Gerald Lascelles was a nephew of the king, John Elphinstone a nephew of the queen, Giles Romilly was related to Winston Churchill, Charlie Hopetown was the son of the Marquess of Linlithgow, Viceroy of India. Michael Alexander was believed to be a close relative of Field Marshal Alexander; he was not. He had managed to persuade the Germans of the connection when it seemed that he was about to be shot as a spy, after he was captured on a mission behind German lines in North Africa in August 1942.
He was a member of the Special Boat Service, and his troop had the task of blowing up German ammunition dumps. The job done, he and a companion were separated from the rest and found it impossible to reach the pickup point for the boat; they decided to walk 30 miles back to the British lines at El Alamein. On the second morning, they were resting in an abandoned tent when they were discovered by the Germans. Michael was wearing a German officer's cap, which he had picked up to protect his head from the sun. This classed him as a spy, outside the safeguards of the Geneva Convention.

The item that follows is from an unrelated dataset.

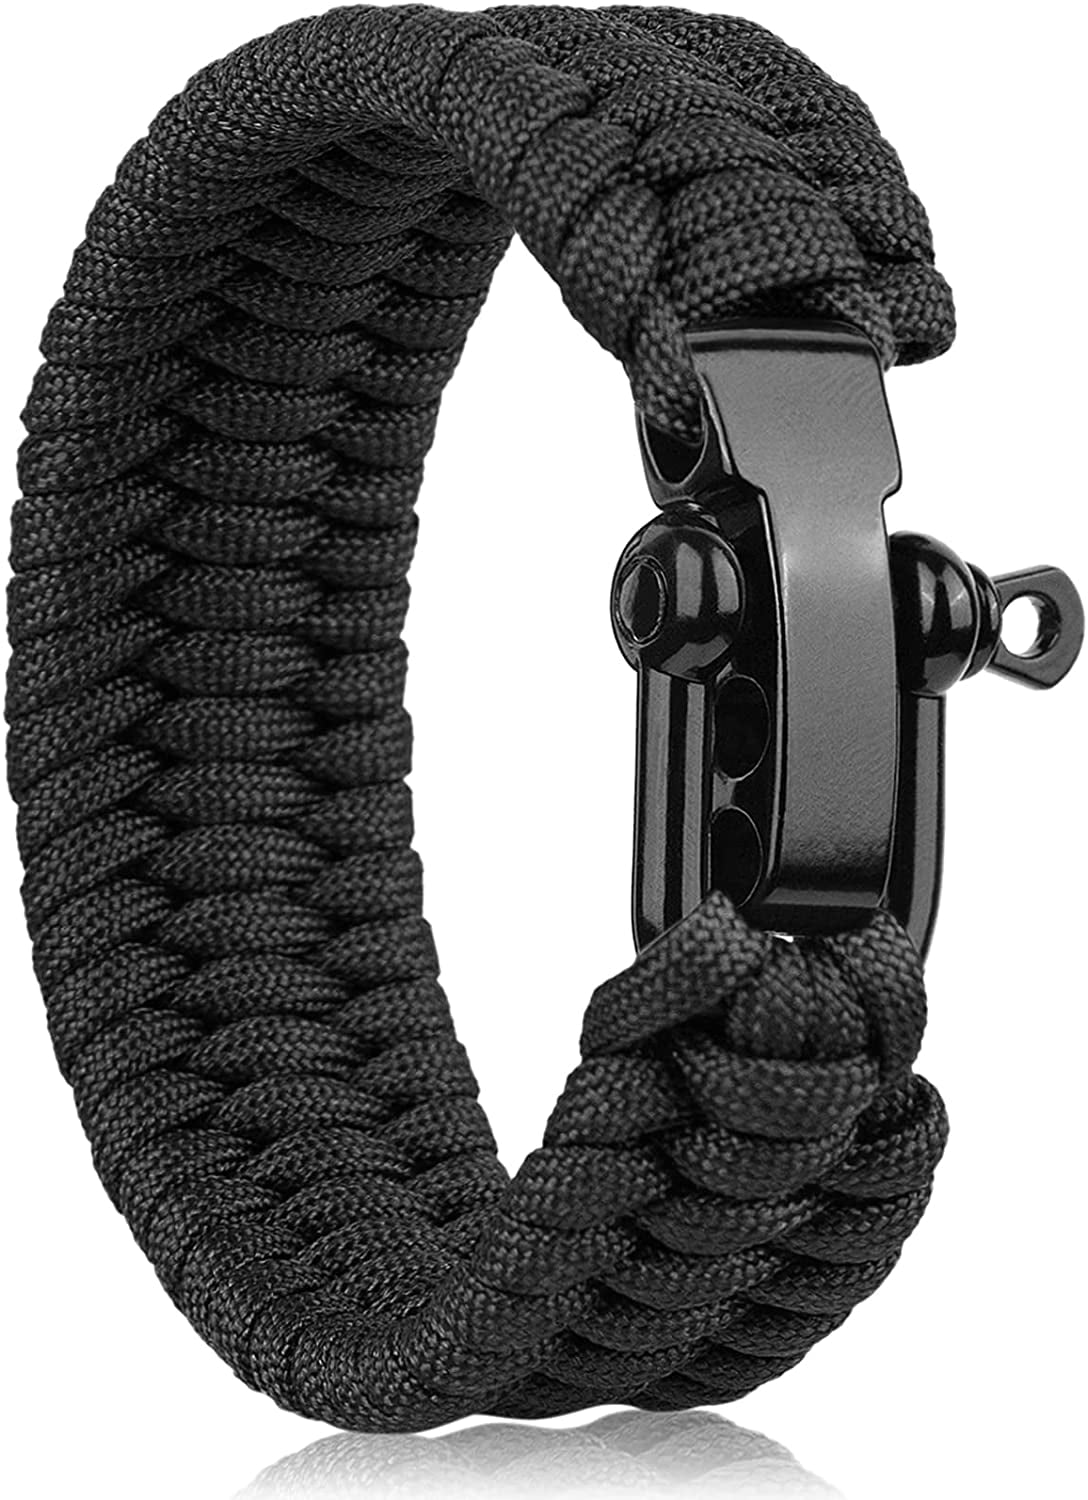 Paracord bracelet, carabiner clasp. In red and black colors. Handmade.  Unisex.

Both his heedlessness about personal safety, and his resourcefulness at getting out of resulting predicaments, were typical. Later, he and Romilly wrote about their wartime experiences in The Privileged Nightmare (1952, reprinted in 1975 as Hostages At Colditz).
The son of Rear Admiral Charles Alexander, Michael was born in London, educated at Stowe, went to the Royal Military College, Sandhurst, and was commissioned into the Duke of Cornwall's Light Infantry on the outbreak of war. He volunteered for the commandos and went to the Middle East.
After capture, he was held in solitary confinement in prison camps in Germany until he arrived at Colditz in January 1943. There he shared a cell with Romilly, and could mingle with the other prominente, as they were called. They were allowed books and a wind-up gramophone; they lectured each other on subjects of their choice - Michael on the 19th century novel. He was officially appointed Colditz laundry officer, because he looked unkempt; Michael remarked the Germans seemed to be learning an English sense of humour.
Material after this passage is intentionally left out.